Unfortunately, there are no clear-cut guidelines to find the right balance between monitoring of the regulatory risk and the pragmatism to ensure a smooth relationship with the various intermediaries. This challenge may increase in case of complex cases that can take the form of partial documentation with respect to the source of wealth, tax regularization that occurred years ago or the set-up of a corporate structure as policyholder or beneficiary of the life insurance contracts.

Roadmap to have an efficient onboarding and due diligence process from a tax transparency perspective

In order to be able to deal with the challenges identified above and the various obligations under the different tax transparency regulations (incl. the detection of tax fraud indicators), it is important for life insurance companies to have updated internal procedures and processes in place considering the interaction between the different regulations. As a concrete example, if a life insurance company identifies the use of a fake tax residency by a policyholder, this finding has an impact on the CRS reporting which is performed based on the tax residence. A fake tax residence is also an indicator of tax fraud listed under the CSSF Circular 17/650 and has to be reported to the FIU, and it may constitute a cross-border reportable arrangement under DAC6 under hallmark D1.

Given the volume of life insurance contracts and operations to be reviewed, it is crucial for life insurance companies to have an efficient operating model with a clear risk-based approach in place to prioritize the review of client files. In this respect, it might be helpful to leverage on the data encoded in the system and extract some key elements of the contracts (e.g. date of the subscription, source of funds, tax residence, etc.).

The following elements can constitute key drivers in terms of risk of tax fraud: the origin of wealth, the source of funds and the tax residence of the policyholder and beneficiary. As an example in case of a succession, the policyholder should be in a position to provide the life insurance company with some documentation evidencing the declaration of the succession and explanation how the de cujus built his wealth. The lack of documentation or inconsistent explanations about the inherited funds could raise a doubt and, if not cleared, trigger a suspicion of tax fraud. In case the funds are coming from another jurisdiction than the jurisdiction of tax residence of the involved persons (especially from high-risk countries) without any reasonable explanation, further investigations would be required as well to assess whether the doubt is justified.

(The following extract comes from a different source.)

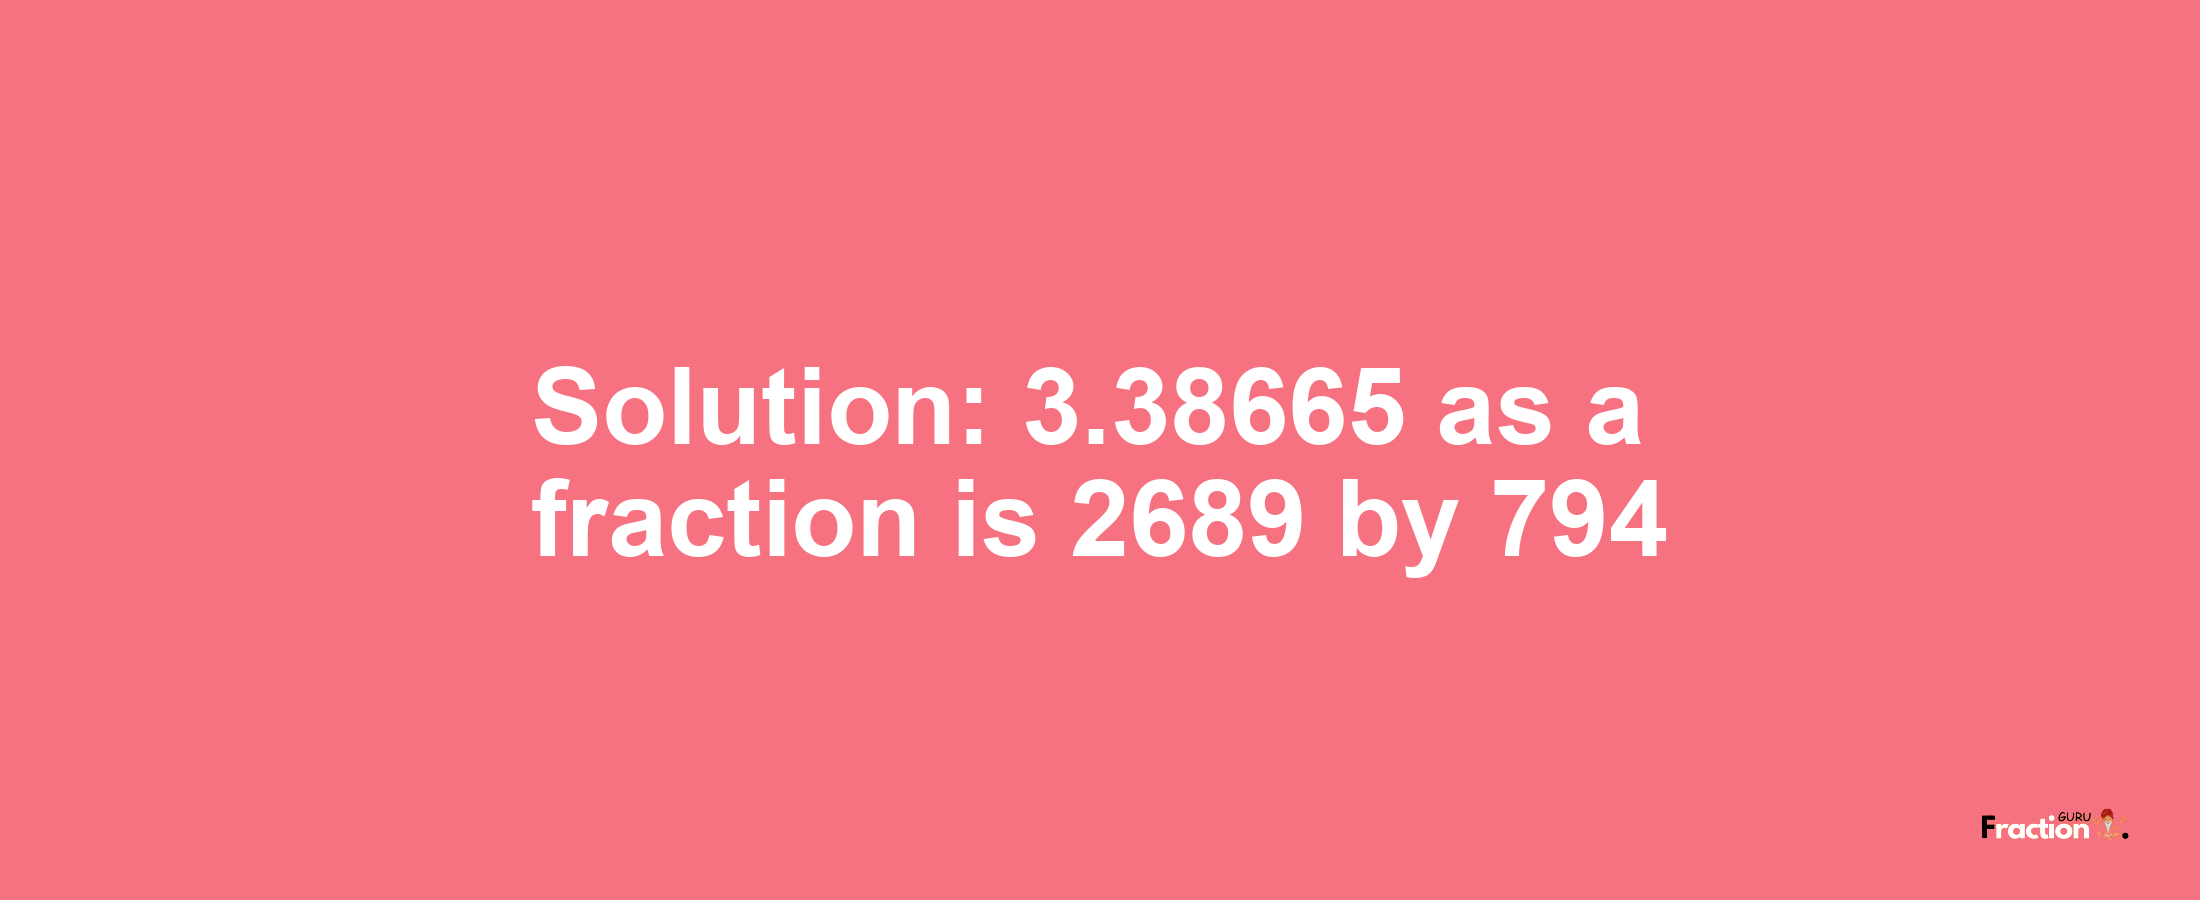 Solution:3.38665 as a fraction is 2689/794

Given the complexity, practical guidance and the use of checklists might facilitate the review and could be used for audit trail purposes. The practical guidance could consider regulatory provisions of the life insurance company's main markets and basic tax knowledge about those distribution markets (e.g. obligation of declaration of donation/inheritance within their main markets of distributions). In addition, checklists and the consistency of the methodology used might guide less-experienced employees through the review and identify those cases that would need to be escalated or for which additional documentation would need to be obtained. In this respect, it is of utmost importance that employees are familiar with the operational processes and trained accordingly. In addition, roles and responsibilities within the organization should be clearly defined to have a common understanding of the process to be followed and to avoid certain tasks being forgotten or done twice.

To conclude, life insurance companies should be able to answer detailed questions they might receive from the regulator or foreign tax authorities with respect to AML Tax aspects. In case of audits performed by the CAA, they have to be able to explain their risk assessment and to demonstrate the actions performed during the lifecycle of the contract. A complete and consistent client file including the tax aspects is the prerequisite to be compliant with their professional AML/CFT obligations.